_DATA PROVIDED_
· · · · · · ·

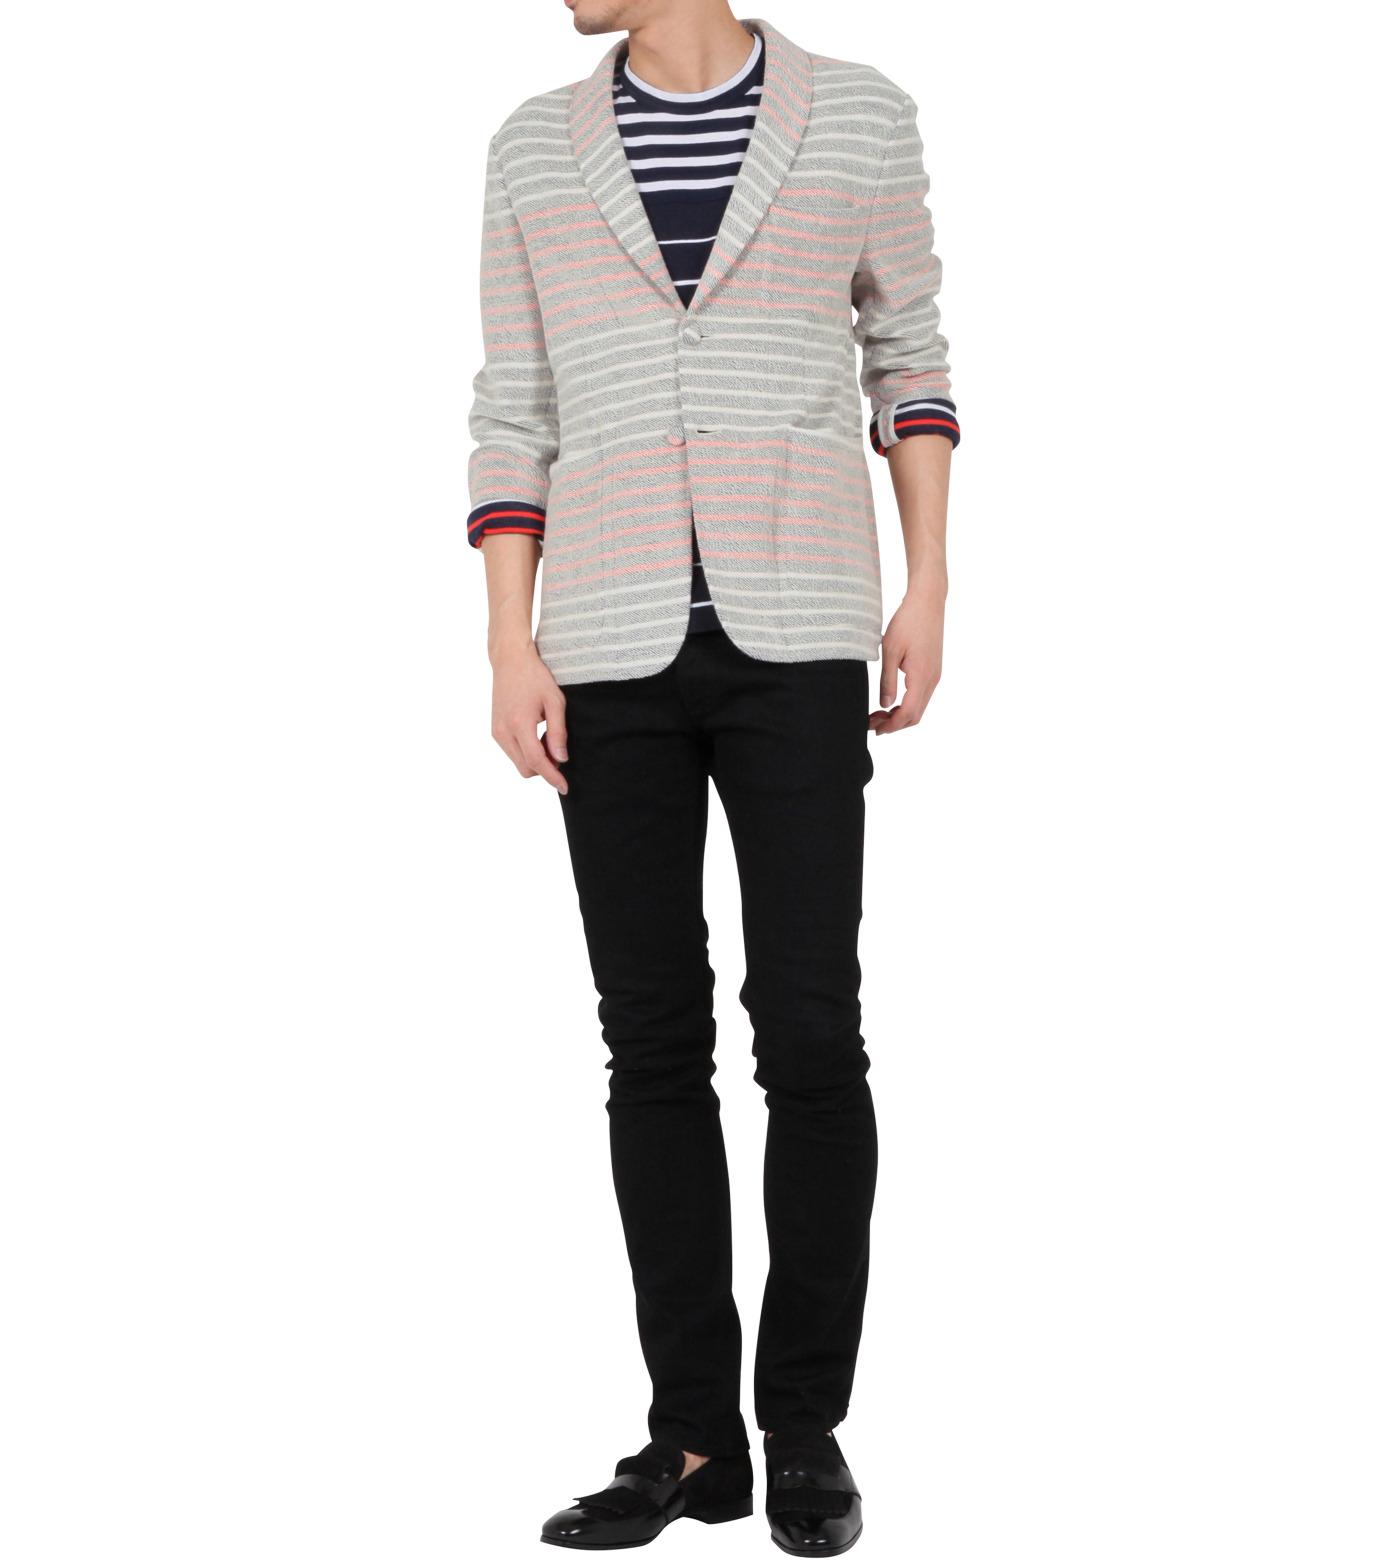 Thom Browne(トムブラウン)のBorder pile jacket-WHITE-MJU065AK6941-4 拡大詳細画像2
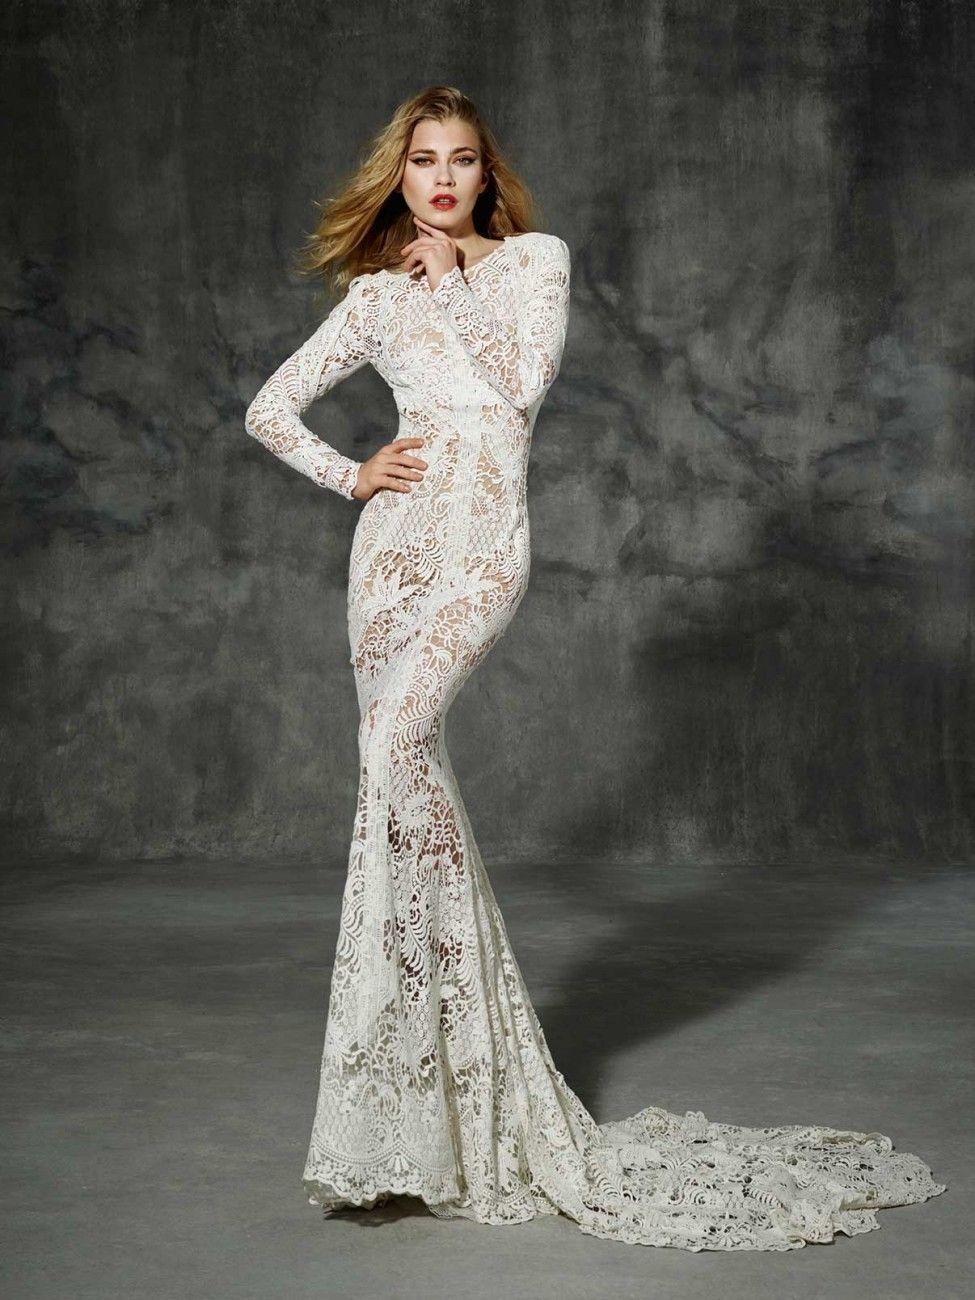 Must see vestidos de noiva pinterest orchid wedding dress and
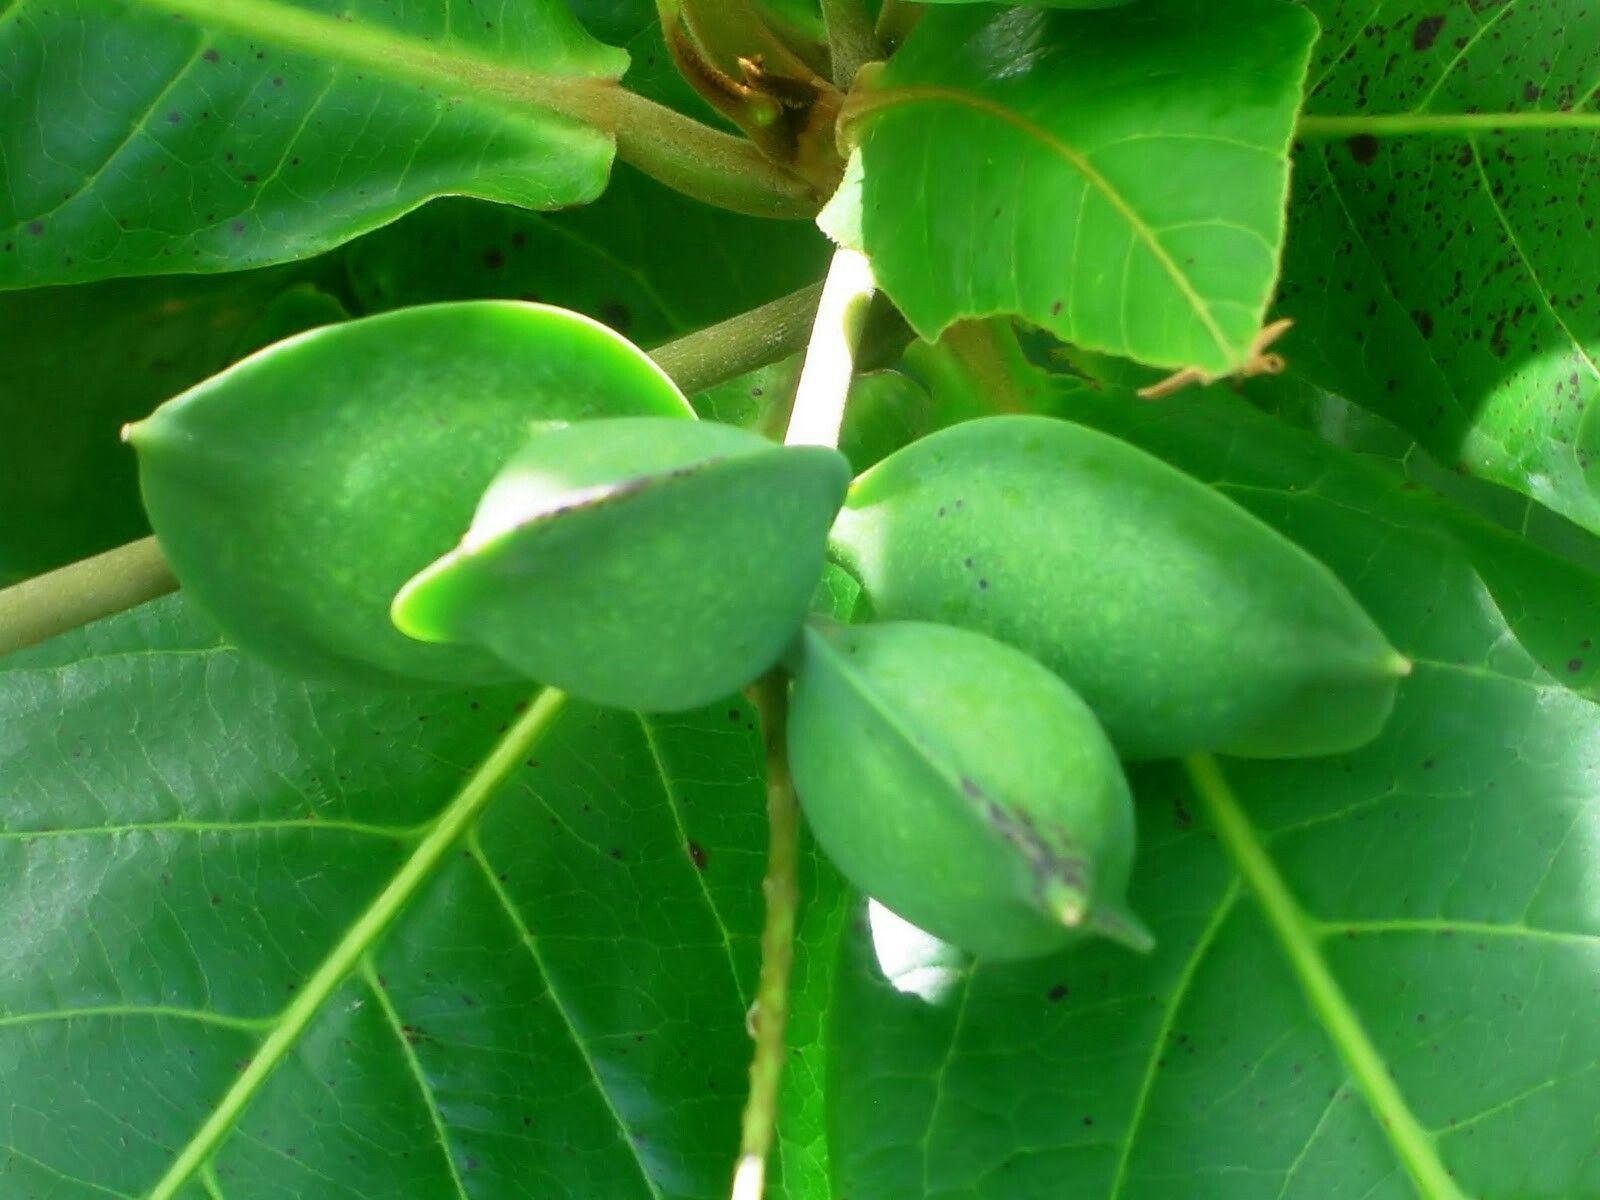 Almond Tree In Spanish Almendra Puerto Rican Fruts1 Arbol De

· · · · · · ·

_YOUR GOAL_
Every line above should be copied exactly, apart from any pictures.

_YOUR RESPONSE_
 Thom Browne(トムブラウン)のBorder pile jacket-WHITE-MJU065AK6941-4 拡大詳細画像2
 Must see vestidos de noiva pinterest orchid wedding dress and
 Almond Tree In Spanish Almendra Puerto Rican Fruts1 Arbol De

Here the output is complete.